Take, for example, Sir John Monash: a Jewish-Australian military officer and civil engineer, who was called ‘the best general on the Western Front of Europe’ during the First World War, and a proud Zionist, who almost a century ago founded the federation that Cassuto is now leads.

“When he died, a few years after he founded the ZFA, 200,000 people lined the streets for his funeral. He was an Australian legend – universities and hospitals are named after him,” Cassuto said, adding that Monash delivered an opening speech as ZFA founder and president. He spoke of “how much it meant to him to have both an aspiration for Jewish self-determination, but also as a Jew making a deep contribution to Australian society. These two truths still hold true today.”

Cassuto said Australian Jews still have multiple identities, emotional commitments and connections to multiple places. In his case, he said, he is “super proud” to be a Zionist Australian, Israeli and Italian.

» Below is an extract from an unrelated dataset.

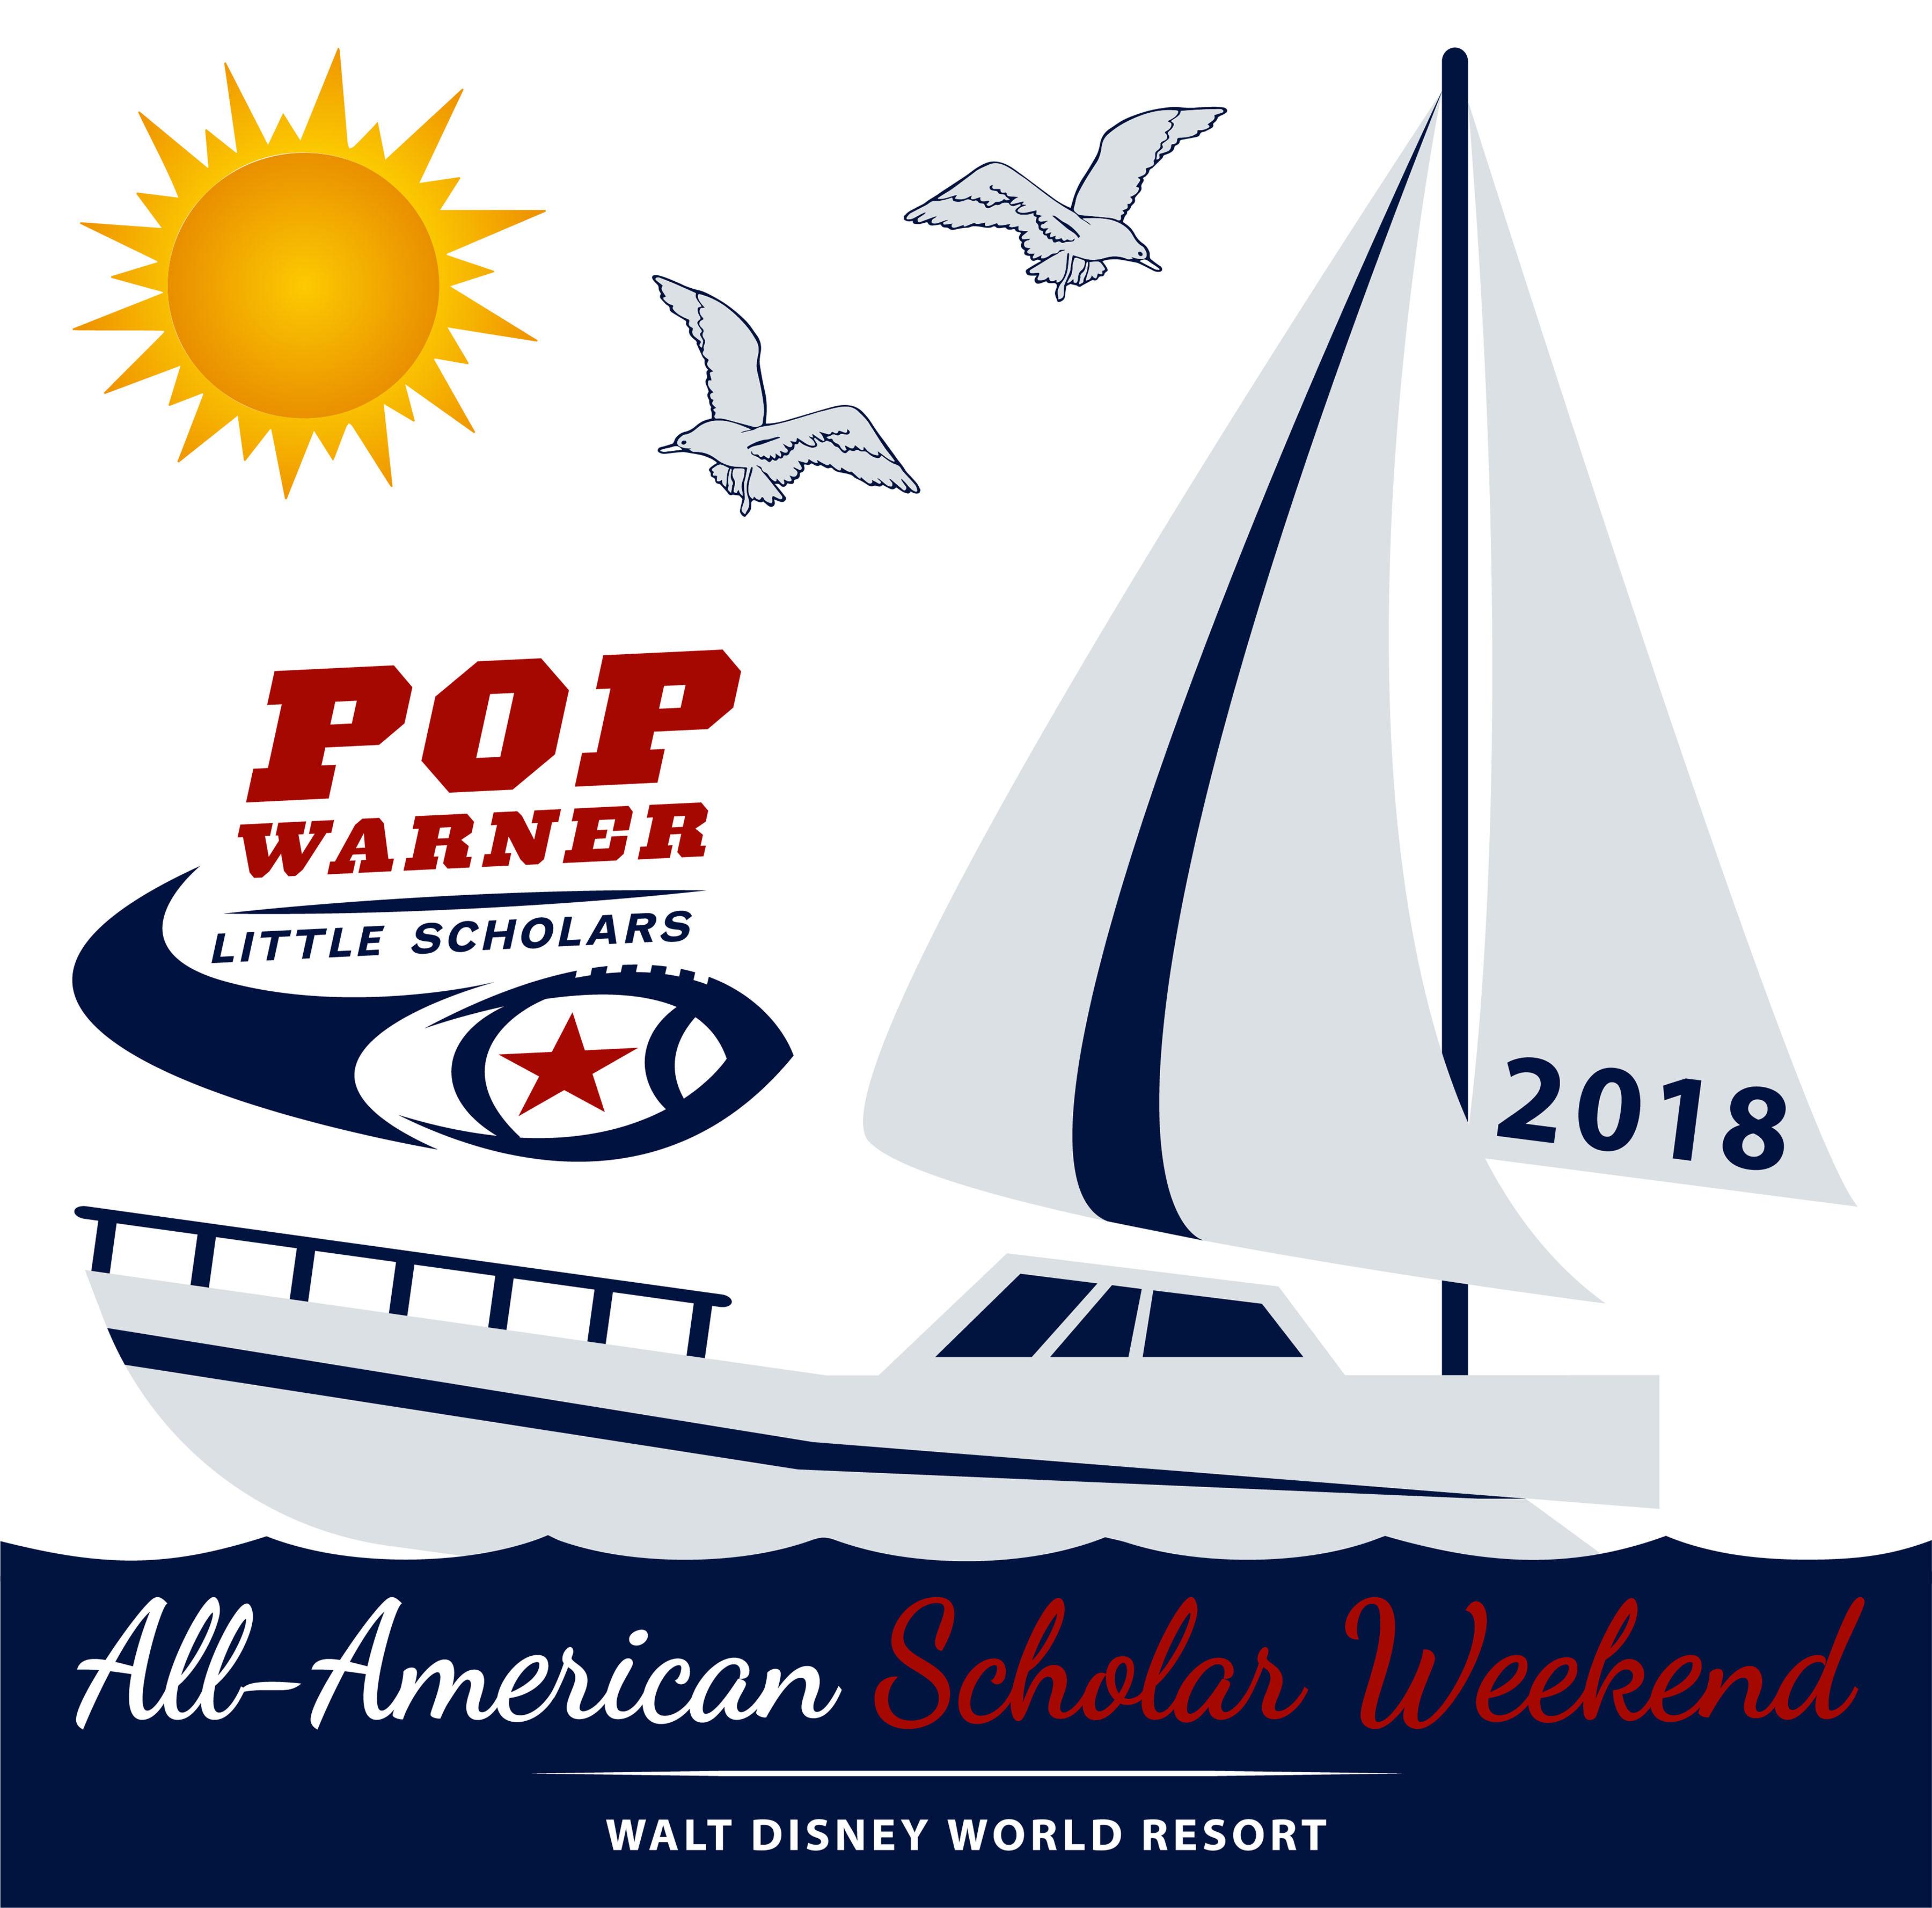 Pop Warner All-American Scholar Weekend

Cassuto says he has seen a “reawakening” of Jewish identity and belonging. Even before October 7, roughly two-thirds of college students reported experiencing anti-Semitism in the past 12 months, but 85% of those students said they didn’t complain because they didn’t feel it would make a difference.

Cassuto said the Australian Jewish community has recently seen a 70% increase in membership in Jewish campus groups. “[They] recognized that both Israeli and Jewish identities are in fact part and parcel of who they are,” he said, and that it is up to “strong leadership to be able to channel and ensure that we support these reawakened members of our community , like and make it safe to be a proud Jew and a proud Zionist.”